■ Aim of the task ■
Write out exactly the lines below that run from the one containing "Rejusure AHA 25%" through the one containing "storybook farm —", both included, with no other lines.

■ Recorded data ■
========================================

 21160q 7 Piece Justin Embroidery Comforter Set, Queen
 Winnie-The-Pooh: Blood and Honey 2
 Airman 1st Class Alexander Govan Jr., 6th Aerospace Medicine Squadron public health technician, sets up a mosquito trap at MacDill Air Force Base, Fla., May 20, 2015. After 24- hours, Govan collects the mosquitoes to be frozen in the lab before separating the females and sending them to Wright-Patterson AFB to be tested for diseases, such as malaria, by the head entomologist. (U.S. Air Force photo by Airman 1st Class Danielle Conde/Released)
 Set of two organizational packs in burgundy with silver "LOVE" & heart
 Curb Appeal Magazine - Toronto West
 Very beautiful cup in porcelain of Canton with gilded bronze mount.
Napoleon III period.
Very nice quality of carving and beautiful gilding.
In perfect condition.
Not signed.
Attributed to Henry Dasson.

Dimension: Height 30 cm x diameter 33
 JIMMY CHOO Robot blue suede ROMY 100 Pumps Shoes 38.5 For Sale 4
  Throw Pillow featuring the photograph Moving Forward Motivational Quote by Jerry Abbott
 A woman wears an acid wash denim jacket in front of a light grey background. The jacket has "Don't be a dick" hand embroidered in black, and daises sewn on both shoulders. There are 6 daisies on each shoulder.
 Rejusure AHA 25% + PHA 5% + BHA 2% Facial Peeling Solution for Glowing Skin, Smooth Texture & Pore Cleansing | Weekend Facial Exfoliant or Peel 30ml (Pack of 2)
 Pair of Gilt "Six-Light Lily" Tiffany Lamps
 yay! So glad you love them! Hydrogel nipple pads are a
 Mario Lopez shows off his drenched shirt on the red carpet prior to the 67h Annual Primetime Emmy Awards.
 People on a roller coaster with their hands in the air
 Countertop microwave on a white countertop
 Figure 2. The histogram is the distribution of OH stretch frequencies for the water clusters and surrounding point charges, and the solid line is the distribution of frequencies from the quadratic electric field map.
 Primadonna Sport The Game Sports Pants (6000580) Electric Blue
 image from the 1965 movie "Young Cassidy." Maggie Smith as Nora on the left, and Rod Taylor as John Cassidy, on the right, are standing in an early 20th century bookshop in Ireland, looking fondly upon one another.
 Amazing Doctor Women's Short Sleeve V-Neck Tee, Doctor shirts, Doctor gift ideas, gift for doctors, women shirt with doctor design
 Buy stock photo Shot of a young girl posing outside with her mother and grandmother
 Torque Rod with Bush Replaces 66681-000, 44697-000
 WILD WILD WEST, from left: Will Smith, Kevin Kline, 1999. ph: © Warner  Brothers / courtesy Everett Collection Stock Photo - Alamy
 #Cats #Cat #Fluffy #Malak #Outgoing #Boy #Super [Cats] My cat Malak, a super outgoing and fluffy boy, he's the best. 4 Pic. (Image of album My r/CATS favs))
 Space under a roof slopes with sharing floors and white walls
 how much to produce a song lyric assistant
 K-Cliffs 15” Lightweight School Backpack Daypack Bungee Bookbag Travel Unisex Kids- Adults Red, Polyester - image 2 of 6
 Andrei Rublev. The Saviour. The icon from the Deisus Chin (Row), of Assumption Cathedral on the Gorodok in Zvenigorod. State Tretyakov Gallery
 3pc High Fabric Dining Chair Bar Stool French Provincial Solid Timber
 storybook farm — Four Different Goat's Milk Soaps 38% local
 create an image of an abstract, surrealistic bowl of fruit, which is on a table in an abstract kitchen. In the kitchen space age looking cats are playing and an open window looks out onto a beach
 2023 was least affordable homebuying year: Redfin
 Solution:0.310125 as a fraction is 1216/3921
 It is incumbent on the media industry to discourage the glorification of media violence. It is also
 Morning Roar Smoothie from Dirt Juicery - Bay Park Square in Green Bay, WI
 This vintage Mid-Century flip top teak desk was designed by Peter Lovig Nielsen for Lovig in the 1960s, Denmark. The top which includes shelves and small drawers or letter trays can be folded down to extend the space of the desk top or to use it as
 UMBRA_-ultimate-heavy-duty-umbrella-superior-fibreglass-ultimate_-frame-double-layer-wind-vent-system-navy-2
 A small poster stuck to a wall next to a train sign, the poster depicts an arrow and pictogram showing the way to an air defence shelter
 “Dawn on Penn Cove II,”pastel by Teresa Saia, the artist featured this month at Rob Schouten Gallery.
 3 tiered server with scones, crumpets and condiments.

========================================

■ Exercise solution ■
 Rejusure AHA 25% + PHA 5% + BHA 2% Facial Peeling Solution for Glowing Skin, Smooth Texture & Pore Cleansing | Weekend Facial Exfoliant or Peel 30ml (Pack of 2)
 Pair of Gilt "Six-Light Lily" Tiffany Lamps
 yay! So glad you love them! Hydrogel nipple pads are a
 Mario Lopez shows off his drenched shirt on the red carpet prior to the 67h Annual Primetime Emmy Awards.
 People on a roller coaster with their hands in the air
 Countertop microwave on a white countertop
 Figure 2. The histogram is the distribution of OH stretch frequencies for the water clusters and surrounding point charges, and the solid line is the distribution of frequencies from the quadratic electric field map.
 Primadonna Sport The Game Sports Pants (6000580) Electric Blue
 image from the 1965 movie "Young Cassidy." Maggie Smith as Nora on the left, and Rod Taylor as John Cassidy, on the right, are standing in an early 20th century bookshop in Ireland, looking fondly upon one another.
 Amazing Doctor Women's Short Sleeve V-Neck Tee, Doctor shirts, Doctor gift ideas, gift for doctors, women shirt with doctor design
 Buy stock photo Shot of a young girl posing outside with her mother and grandmother
 Torque Rod with Bush Replaces 66681-000, 44697-000
 WILD WILD WEST, from left: Will Smith, Kevin Kline, 1999. ph: © Warner  Brothers / courtesy Everett Collection Stock Photo - Alamy
 #Cats #Cat #Fluffy #Malak #Outgoing #Boy #Super [Cats] My cat Malak, a super outgoing and fluffy boy, he's the best. 4 Pic. (Image of album My r/CATS favs))
 Space under a roof slopes with sharing floors and white walls
 how much to produce a song lyric assistant
 K-Cliffs 15” Lightweight School Backpack Daypack Bungee Bookbag Travel Unisex Kids- Adults Red, Polyester - image 2 of 6
 Andrei Rublev. The Saviour. The icon from the Deisus Chin (Row), of Assumption Cathedral on the Gorodok in Zvenigorod. State Tretyakov Gallery
 3pc High Fabric Dining Chair Bar Stool French Provincial Solid Timber
 storybook farm — Four Different Goat's Milk Soaps 38% local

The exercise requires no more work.